US 4499949 A
In-situ combustion of tar sand formations is improved by introducing into an unminable tar sand formation prior to initiation of in-situ combustion hydrogen sulfide produced from upgrading tar sands from a minable tar sand formation in an area proximate the area of the unminable formation. The stream of hydrogen sulfide may contain a small proportion of hydrocarbons condensible at temperature and pressure conditions of the unminable formation. The improvement is applicable to both forward and reverse in-situ combustion processes.
1. The invention is a method for the recovery of hydrocarbons (bitumen) from a tar sand deposit having a minable tar sand formation and an unminable tar sand formation in an area proximate to the area of the minable formation, said unminable tar sand formation penetrated by at least one injection well and at least one spaced-apart production well, said injection well and production well being in fluid communication with a substantial portion of the unminable formation, comprising:
(a) mining the tar sands from the minable formation;
(b) conveying the mined tar sands to a processing operation wherein the tar sands are processed to recover bitumen and by-product hydrogen sulfide;
(c) injecting a predetermined amount of said hydrogen sulfide into said unminable tar sand formation via said injection well;
(d) initiating an in-situ combustion reaction in the unminable formation by injecting an oxygen containing gas into the injection well; and
(e) continuing to inject an oxygen containing gas into the injection well to propagate the combustion zone through the formation to stimulate recovery of hydrocarbons from the formation via the production well.

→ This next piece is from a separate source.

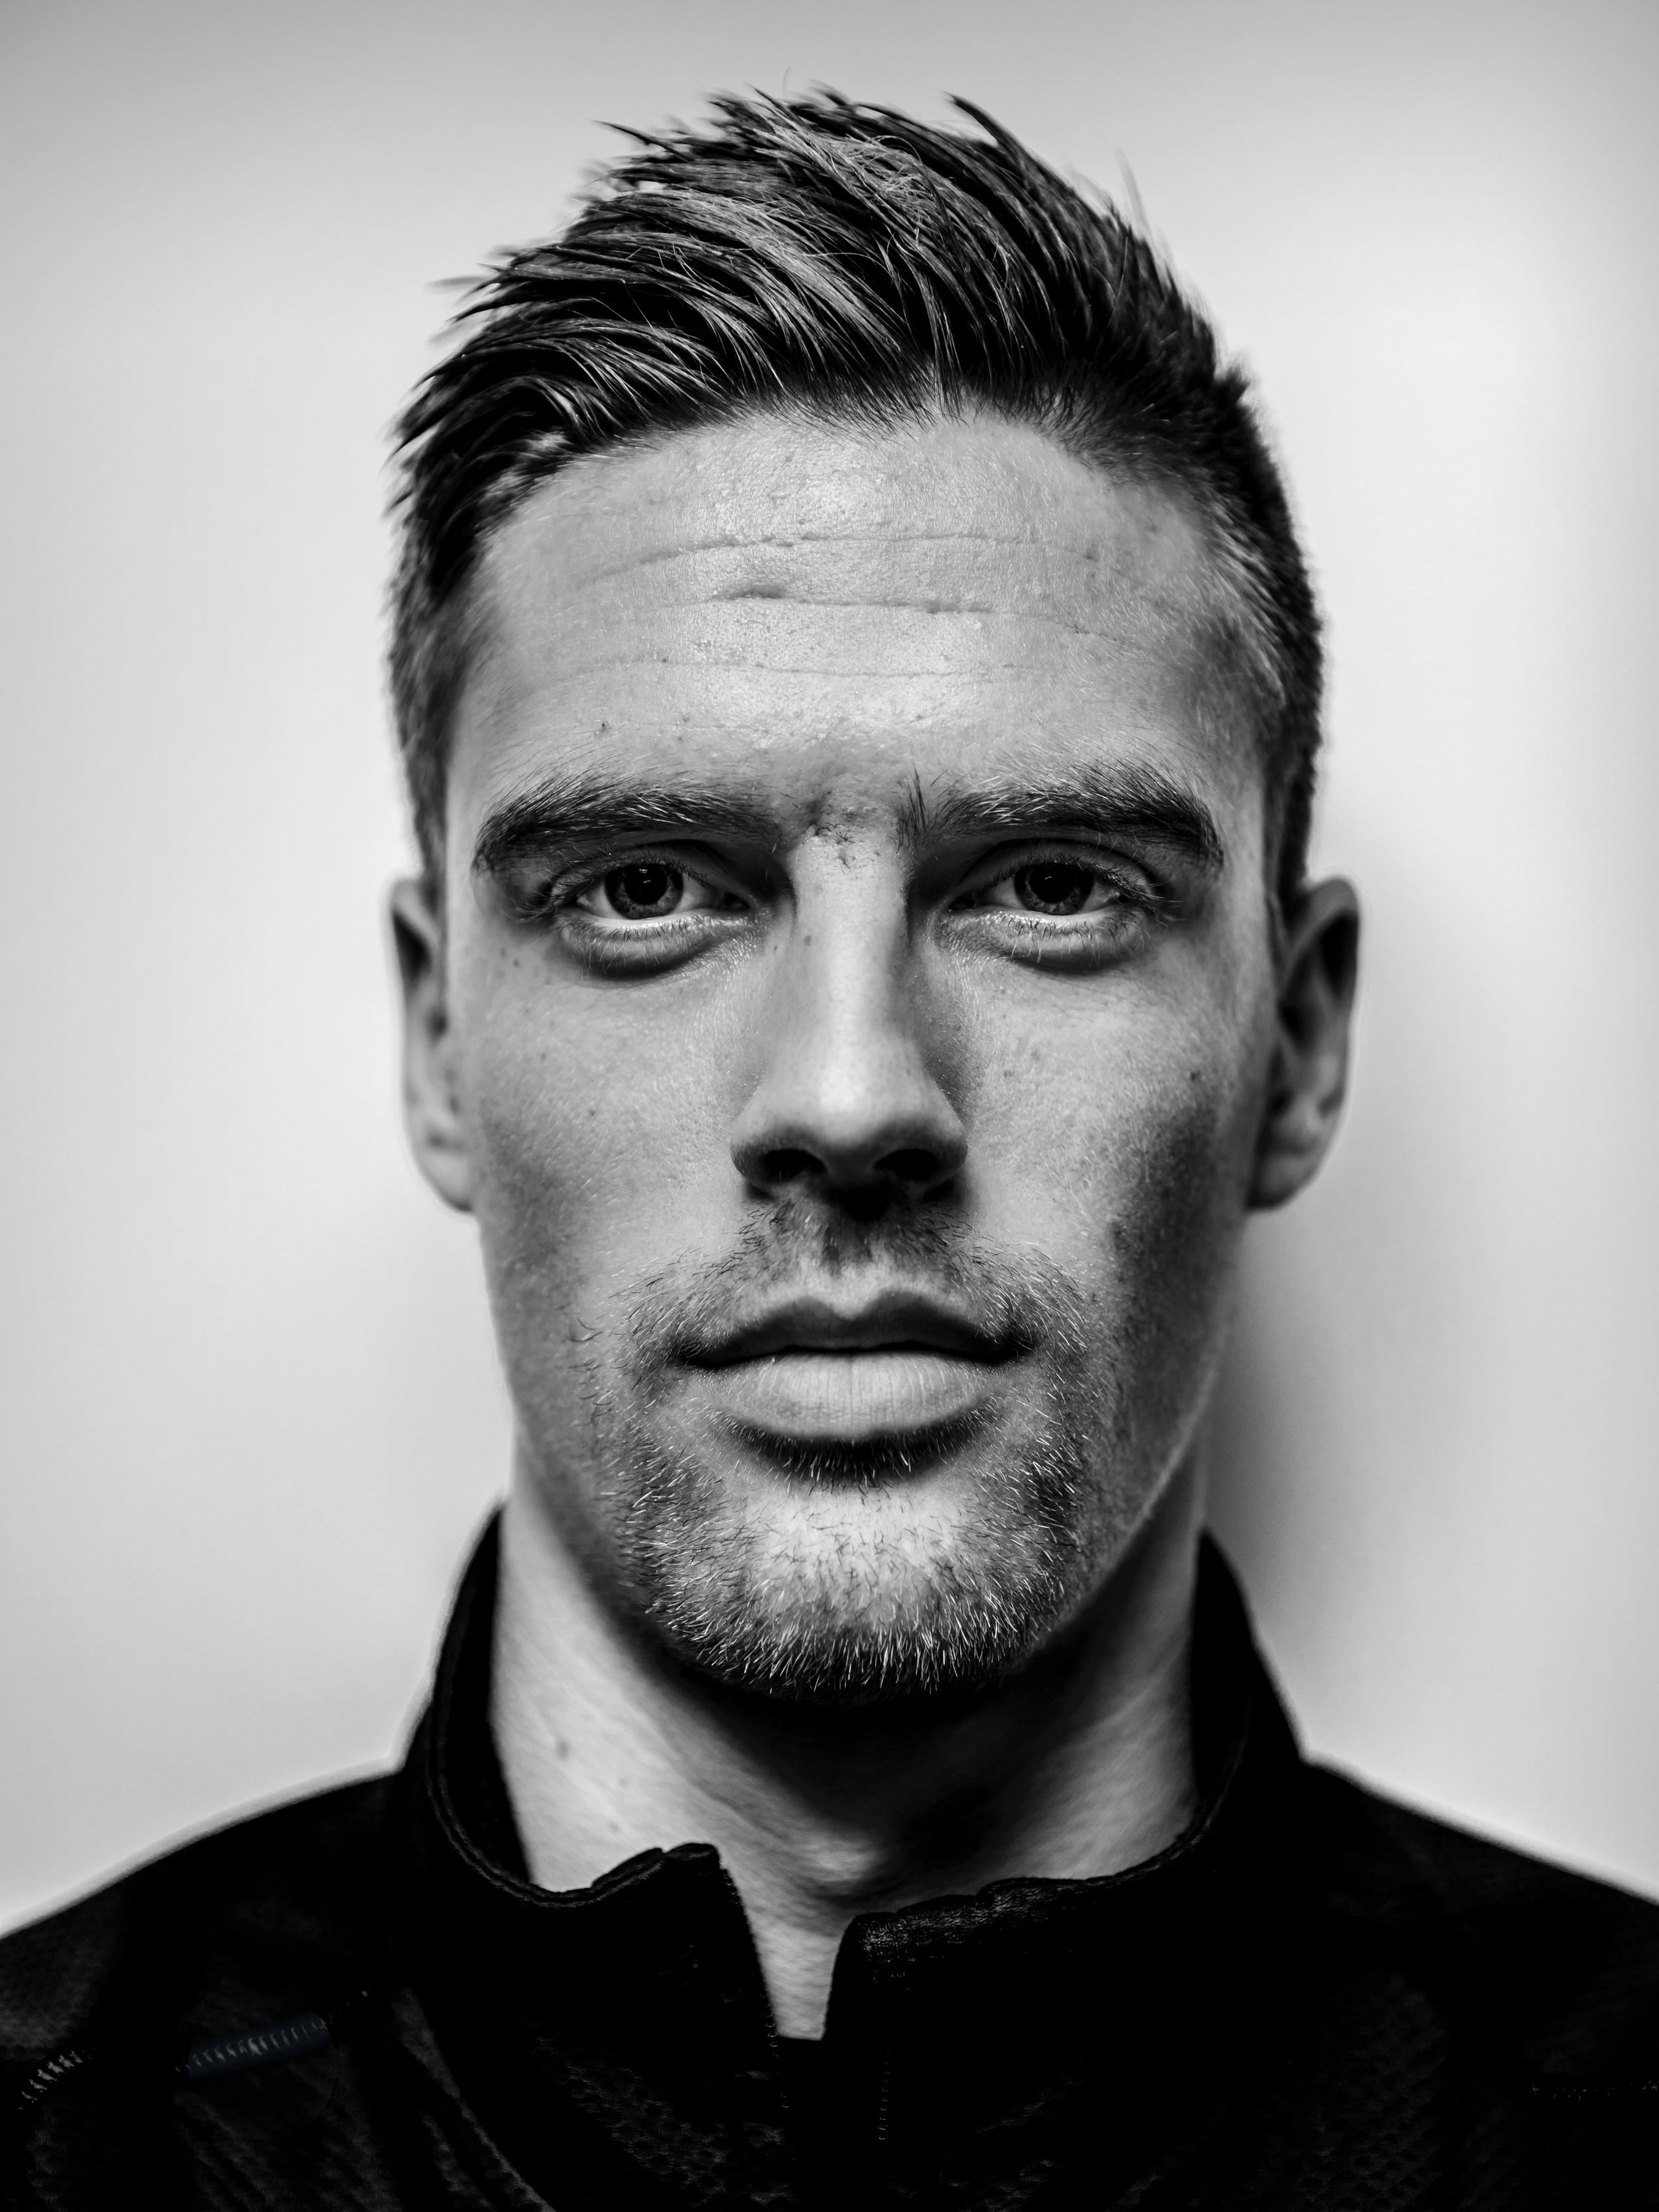 Markus Henriksen

2. The process according to claim 1 wherein the hydrogen sulfide is injected into the lower portion of the unminable formation.
3. A process according to claim 1 wherein the hydrogen sulfide contains 1 percent to 10 percent by volume of a condensable hydrocarbon gas having a condensation point of not more than 100° C. at a pressure of one atmosphere.

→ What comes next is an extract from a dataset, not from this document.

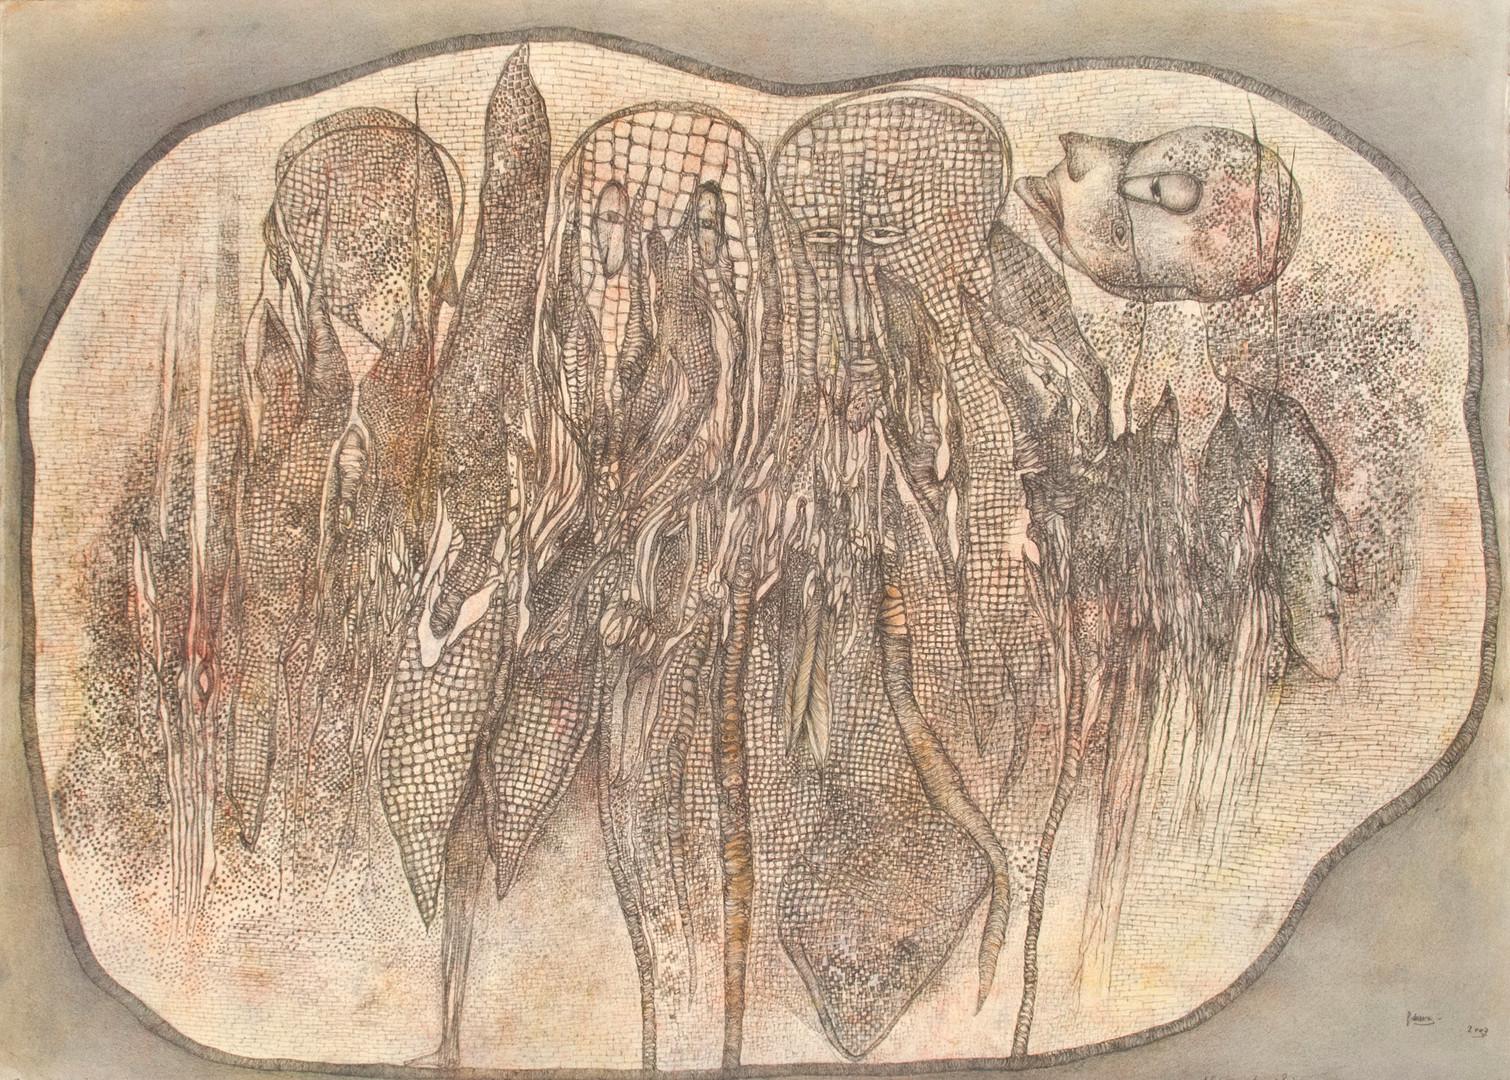 Fred Deux, Plaies contre plaies, 2003

4. A process according to claim 3 wherein said condensable hydrocarbon gas is normal butane, iso-butane, normal pentane, isopentane, hexane, heptane, isomers thereof, or mixtures thereof.
5. A process according to claim 1 wherein said stream of hydrogen sulfide is introduced into the subterranean formation until said subterranean formation is substantially saturated with said hydrogen sulfide.
6. A process according to claim 5 wherein, following said substantial saturation, said hydrogen sulfide undergoes autoignition at about 250° C. and at the ambient pressure of the formation.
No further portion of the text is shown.